All of the sudden, Piro Station was buzzing with local and international scientist and researchers from whom participants, volunteers, and members of the staff, like me, had the privilege to learn, to exchange ideas, and also to connect and foster future collaborations.

The workshop brought together leaders in Carbon and Restoration Research, for example: Dr. Thomas E. Lovely whose contribution to Environmental Policy and International Conservation are well known around the world; Dr. Robin Chazdon whose understanding on social and ecological drivers of tropical reforestation and her long-term research in forest regeneration around Costa Rica made her the perfect participant for this small gathering; Carlos Manuel Rodriguez who has greatly contributed to the Costa Rican Environmental Policy and to the understanding the economics of conservation; Jorge Rodriguez and Oscar Sanchez from the National Forestry Financing Fund (Fonafifo) in charge of payment of environmental services provided by forests in Costa Rica, as well as many early career researchers like Philip Taylor, Megan Nasto, Brooke Osborne, Silvia Alvarez-Clare, Maga Gei, and Faith Inman-Narahari all researching different aspects of nutrient sequestration and availability or Anton Weissenhofer, Daniel Jenking, Rebecca Cole more focused in forest restauration.

Max Villalobos and Jim Palmer represented Osa Conservation by explaining the future reforestation plans for our Finca Osa Verde which includes experimental restoration plots that are already being studied. Gloriana Chaverri, also a workshop participant, explained how she is using one of them to investigate the use of artificial bat boxes and guano extracted seeds in tropical forest restauration.

Screen Shot 2016-02-25 at 9.32.46 AM(L-R): Adam Parr, Phil Taylor, Rebecca Cole, Megan Nasto, Cory Cleveland, Silvia Alvarez-Clare, Justin Pepper, Renée McKeon, Gloriana Chaverri; L-R: Jorge Rodriguez, Chris Balzotti, Jane Hamilton, Patricia Perles, Tabea Zimmermann, Brooke Osborne, Robin Chazdon, Faith Inman-Narahari, Tom Lovejoy, Jim Palmer, Maga Gei; L-R: Oscar Sanchez, Max Villalobos, Charlie Wheeler, Bea Lopez, Anton Weissenhofer Daniel Jenking, Alejandro Muñoz, Manuel Ramirez, Stephen Porder.

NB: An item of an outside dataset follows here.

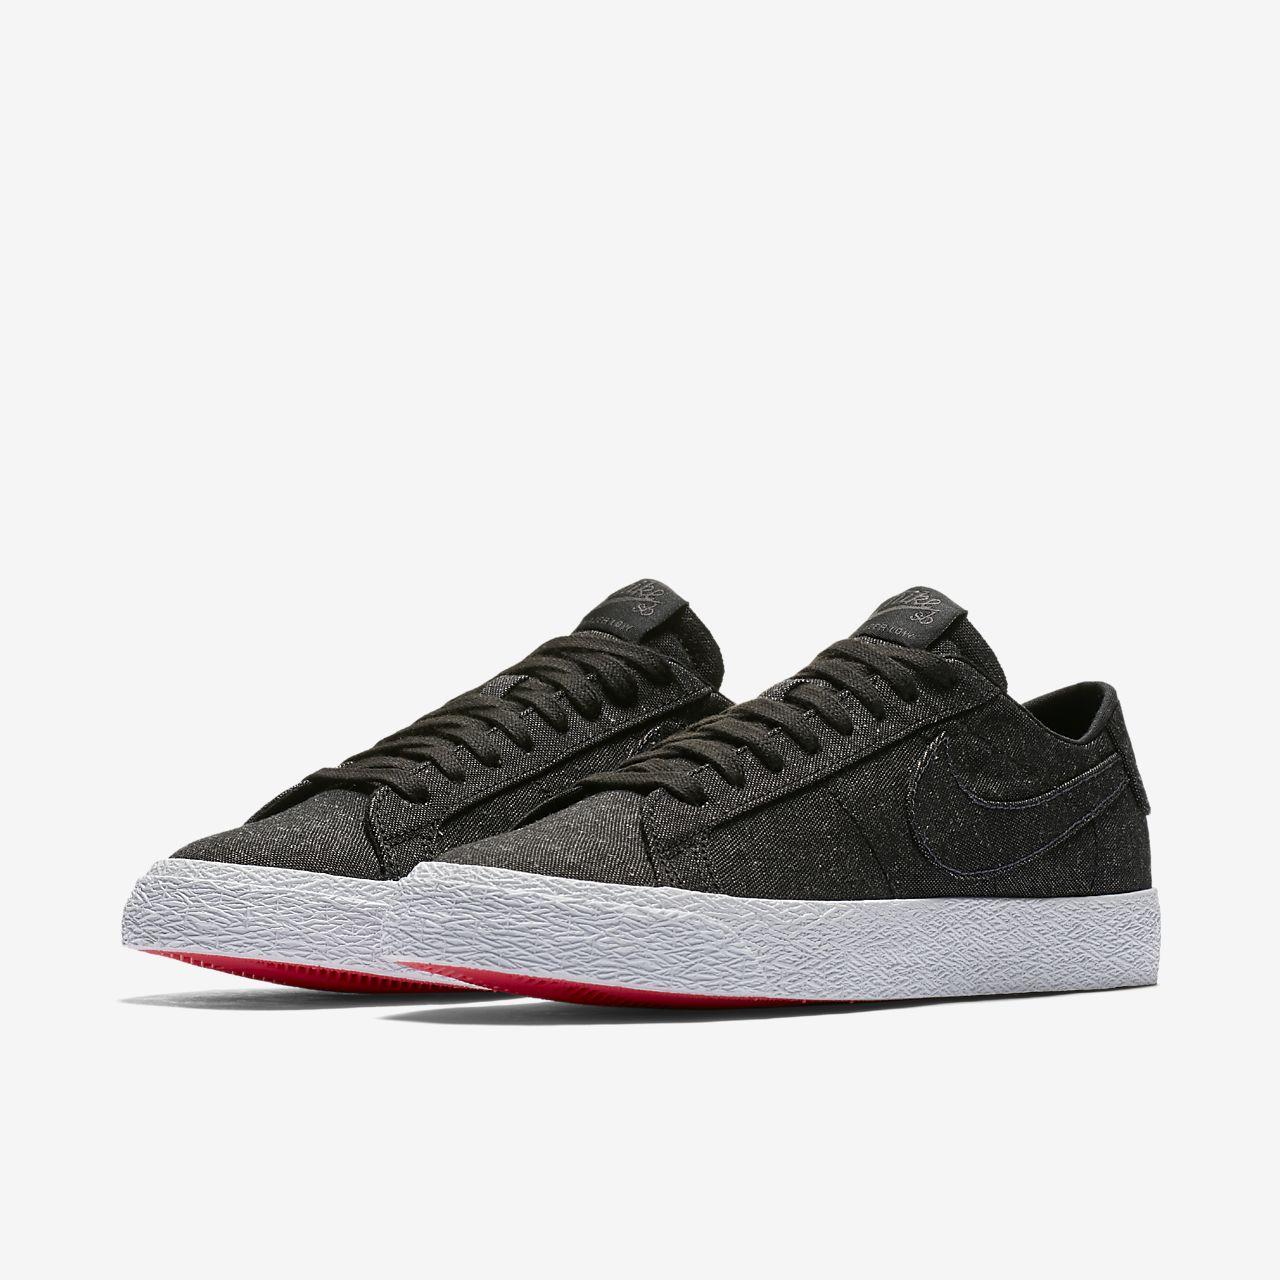 promo code a4cc0 691e5 ... Skateboardsko Nike SB Zoom Blazer Low Canvas Deconstructed för män
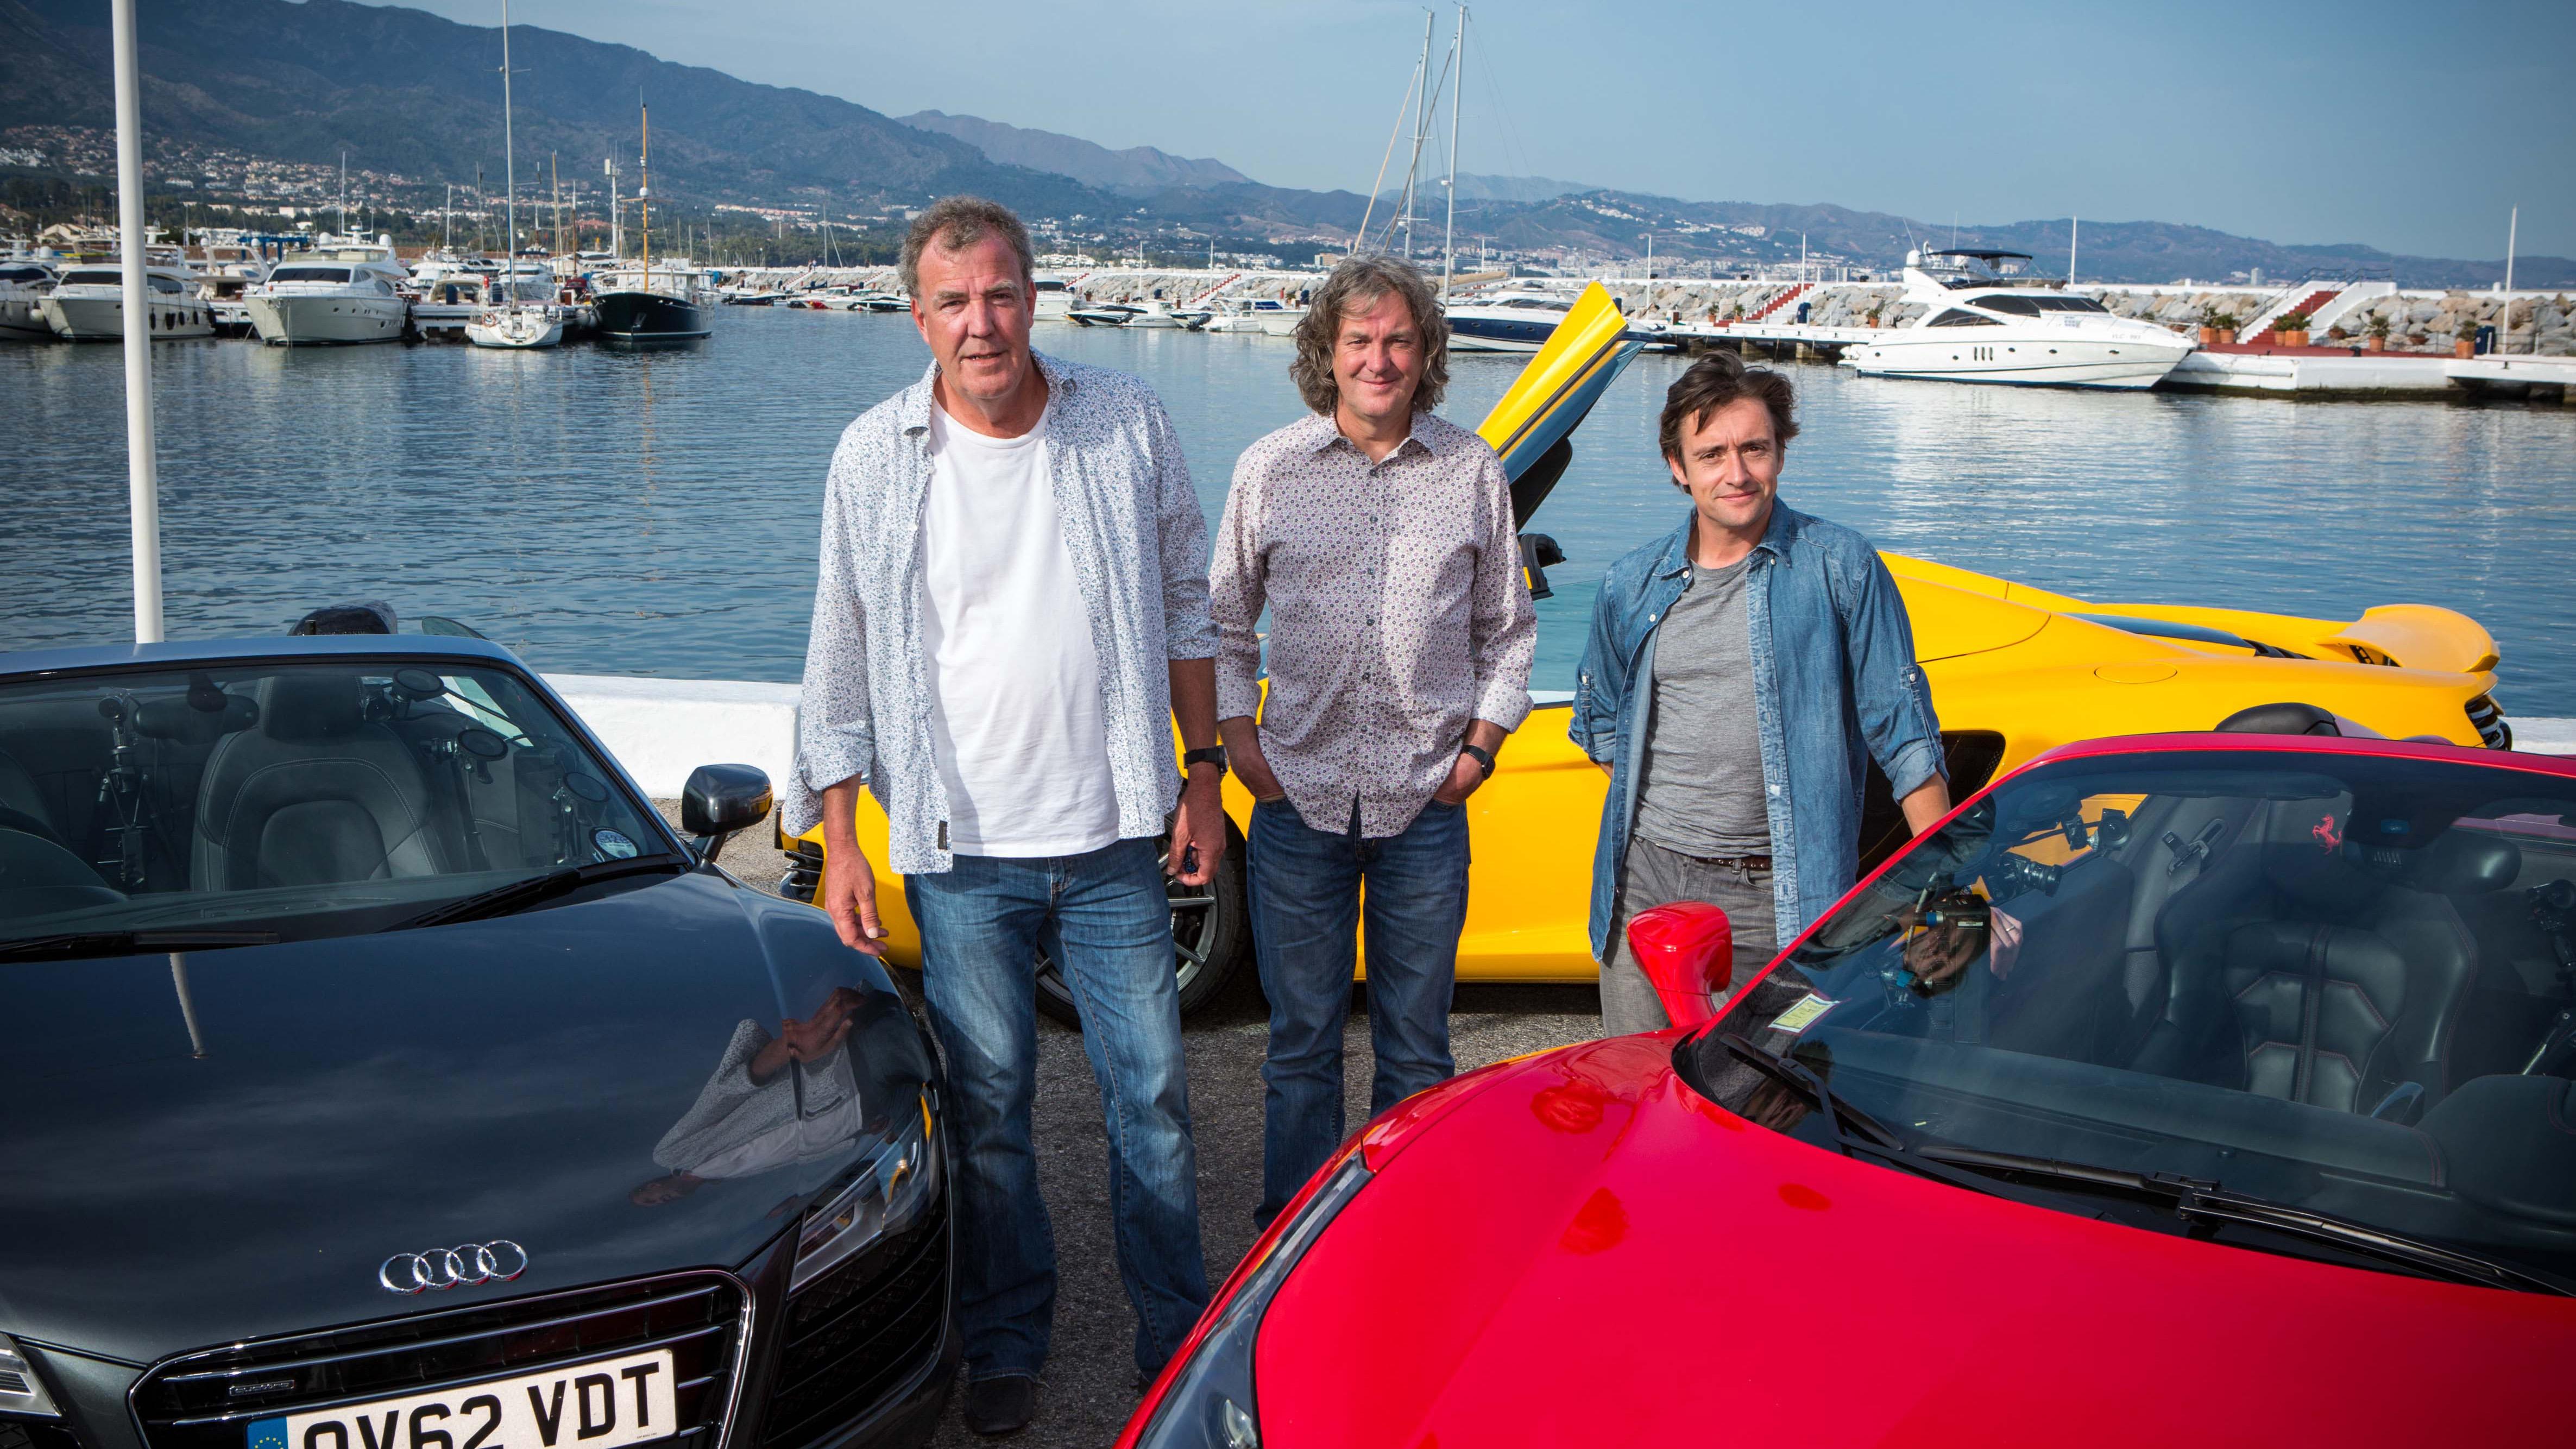 Series 20 Episode 3 Top Gear

During the workshop presentations, talks and gatherings many things were said, some of the statements I liked the most were:

“The world has its eyes on conservation and climate change” said Justin Pepper referring to the global agreement in climate change signed in Paris.

“Humans need to transition from being clever to being wise” said by Thomas Lovejoy discussing human’s use of resources and climate change.

The highlight for me was to see the potential of new technologies such as the Airborne Mapping System which combines laser and spectral instrumentation aboard a plane to reveal an ecosystem’s chemistry, structure, biomass, and biodiversity presented by Philip Taylor or the work that Eben Broadbent is carrying out with drones that are able to monitor human-environment interactions and their impacts on ecosystems.

Personally, one of the things that impressed me the most, was the high number of accomplished female researchers present at the Workshop. Being a female researcher myself, I was always divided between having a successful professional career and having a family. Chatting to some these women, I learnt that there is no need to compromise and that we can get the best of both worlds. In fact, researcher’s children often accompany their parents when they carry out their research fieldwork. These experiences are very positive for the kids as they get exposed to people with different backgrounds, new cultures, get close to nature, and learn about the importance of conservation which can be decisive to achieve  some of the challenges that we and planet earth are facing.